A couple of hours later, Akhlaq felt thirsty and roamed around in search of water. He reached at the doorstep of a house and asked for water. “As soon as he extended his hand, the inmates pulled him in, and locked the door. Then they beat him ruthlessly,” his 38-year-old brother Ikram, also a hairdresser, said.
“The attackers were three men and two women. They used sticks, clubs and a brick to bash up Akhlaq. His whole body is full of bruises even now. They used a chainsaw to cut his right arm which had an indelible mark of ‘786’ on the upper side of the hand.”
Many Muslims in India use ‘786’ as a mark of good omen which is associated with Muslim identity in films and popular culture.
The attackers dragged the injured hairdresser to a nearby railway track and left him there.

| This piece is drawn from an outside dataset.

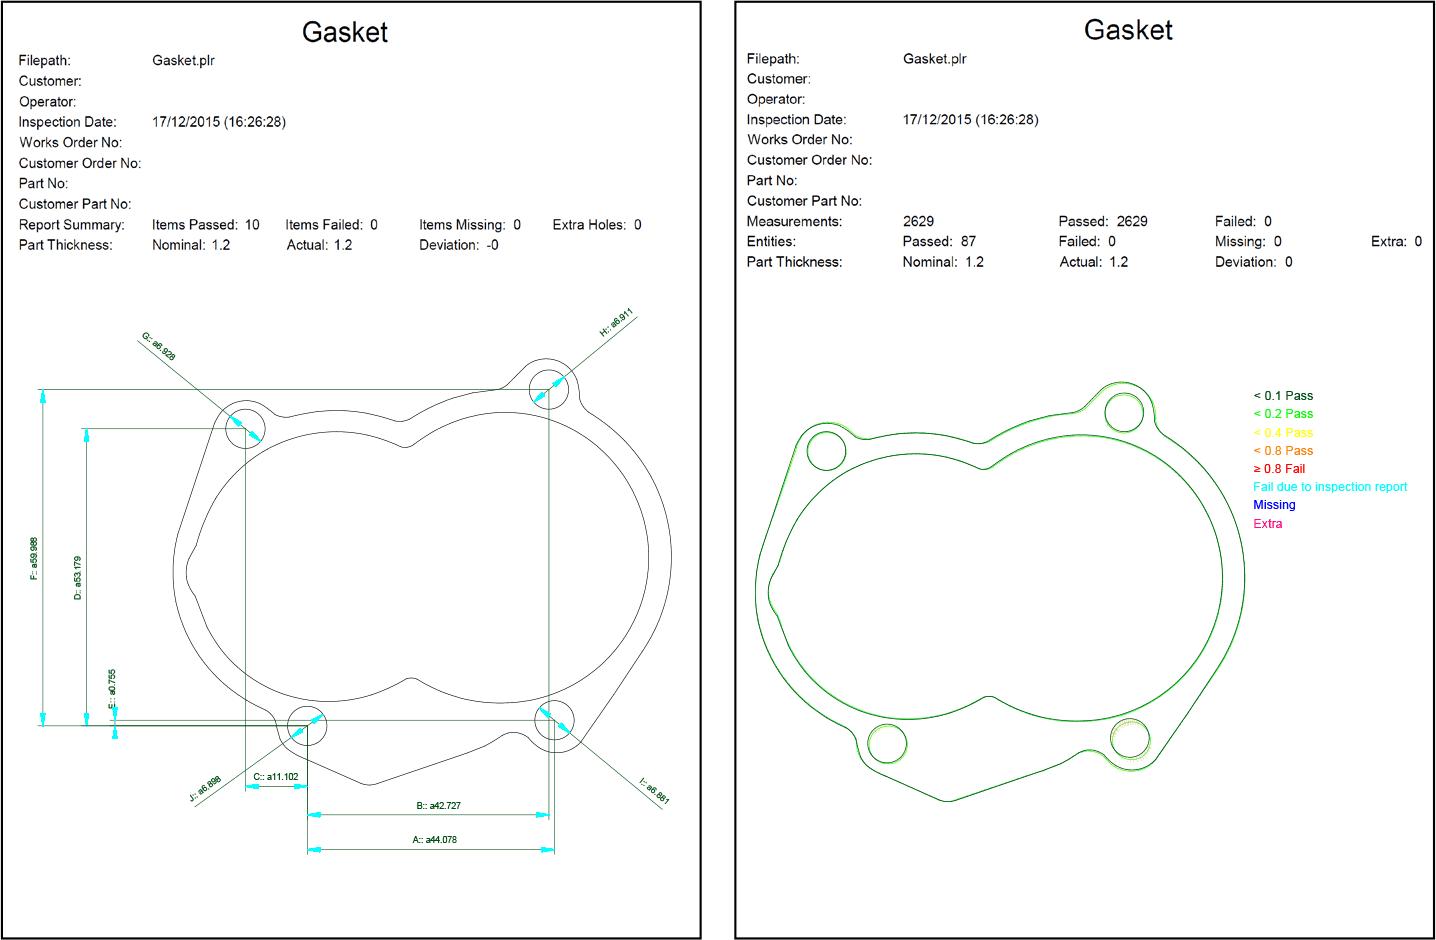 gasket-9

At around 5 am, Akhlaq regained consciousness and asked a passer-by for help; he made a call to the family in his hometown. They then informed the police in Panipat. At 7 am, a policeman reached the spot and then, after nearly one hour, he was taken to a hospital in Panipat.
After first aid, the hospital referred him to B D Sharma Institute of Medical Sciences in Rohtak for better treatment where he remained admitted for three days. “His condition was serious,” Ikram says. The discharge card from Rohtak hospital reads, “Traumatic amputation below elbow.”

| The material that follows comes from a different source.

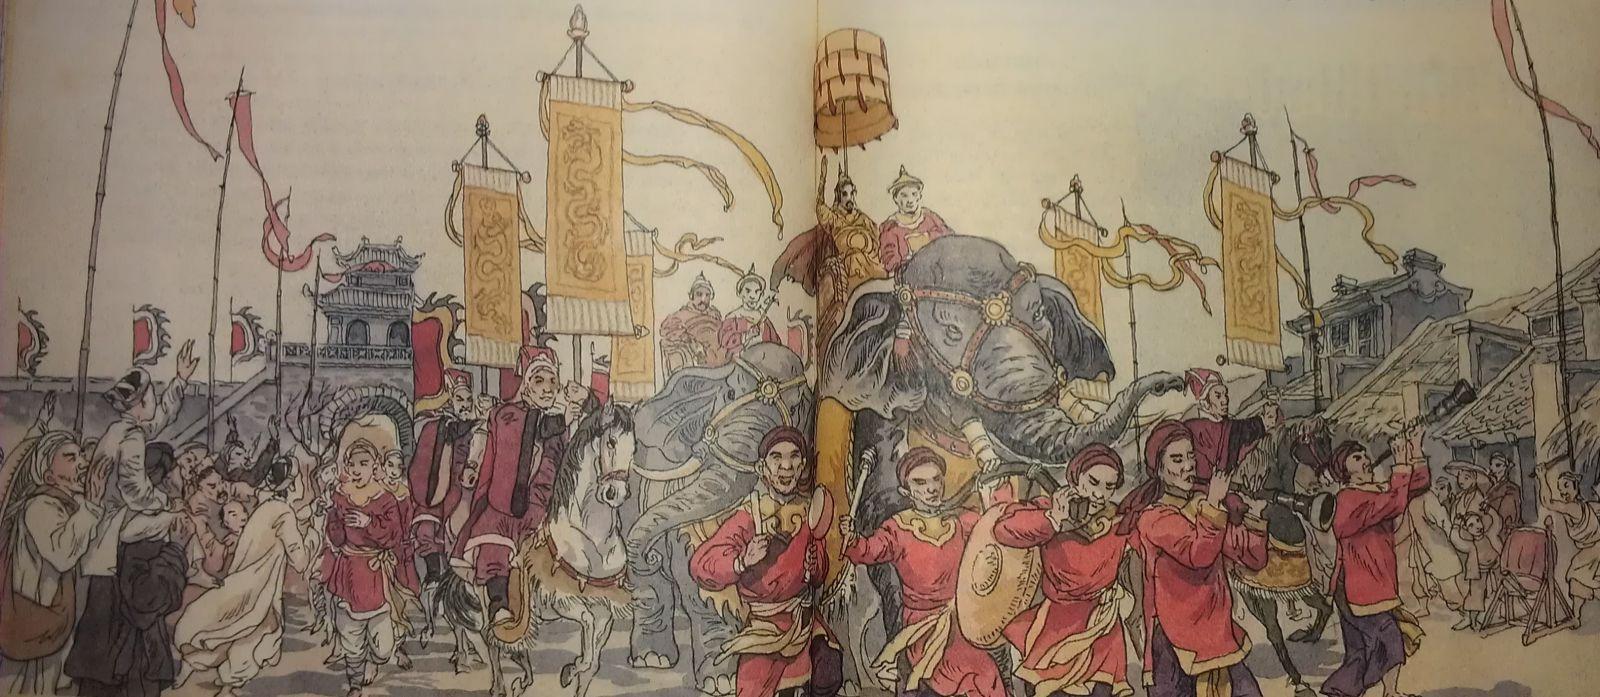 Hoàng đế Quang Trung đã làm gì sau khi đánh quân phương Bắc tơi bời?

The family says the police are treating it as a case of a rail accident. “It is a case of hate crime,” says Ikram who gave the police the photos of the accused and showed the police the house where his brother was attacked. He says the people who cut his hand were the same who attacked him in the park. “They attacked with a plan.”
Ikram has visited Kishanpura multiple times since then. “The locals who are strangers to me helped me and gave me information about the incident.”

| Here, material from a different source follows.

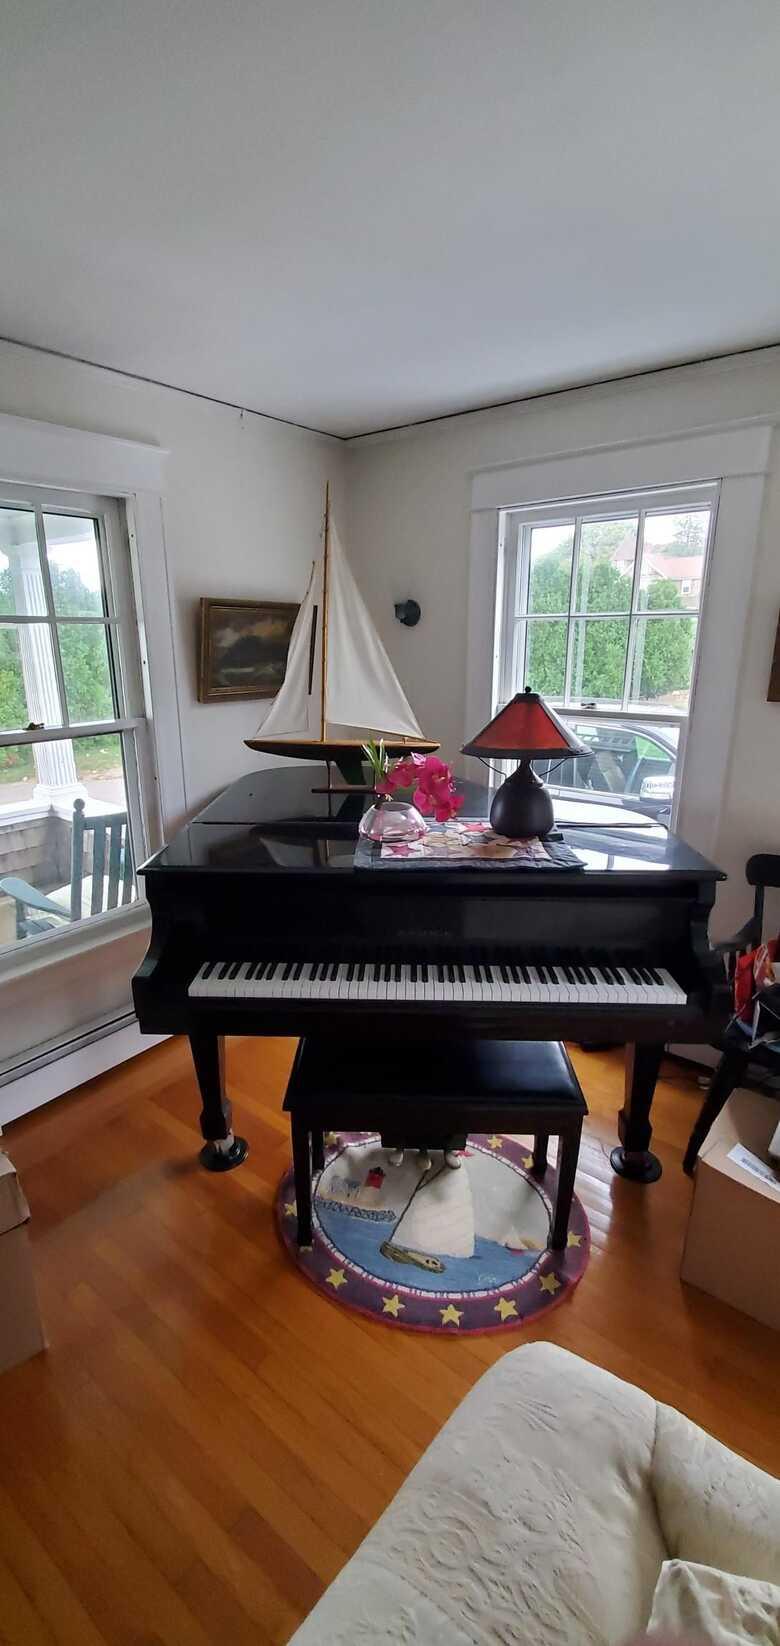 SAMICK SG-150C BABY GRAND PIANO

“Initially the police were telling us that this is a case of a rail accident and are trying to close the case,” Ikram says, adding, “Police tried to mislead us.”
He said the police behaviour was unruly. “The police men at Chandni Bagh misbehaved with me.”
But about two weeks later, the General Railway Police Station, Panipat filed the First Information Report under Zero FIR. A copy of FIR dated 07, September, 2020 invokes Sections 323, 326, 34 on the basis of Akhlaq’s complaint. But the family demands that the police should file the case for attempt to murder.
Akhlaq’s severed hand is missing. The police have told the family that they were unable to find it near the railway track. “The police are not even trying to find the missing arm.”
Ikram said the police are asking the family to go for a compromise. “Sub-inspector of the police station asked me to not raise hue and cry,” he said, “they (the accused) had come to the police station and they wanted to negotiate a compromise. It would be better for you to compromise.”
Ikram asserted: “We do not want any compromise. We want justice, only justice.”
He says he has spent all his money on his trips to Panipat to find the attackers. “He was attacked because he is a Muslim,” Ikram says, “They severed his hand because of the 786 mark.”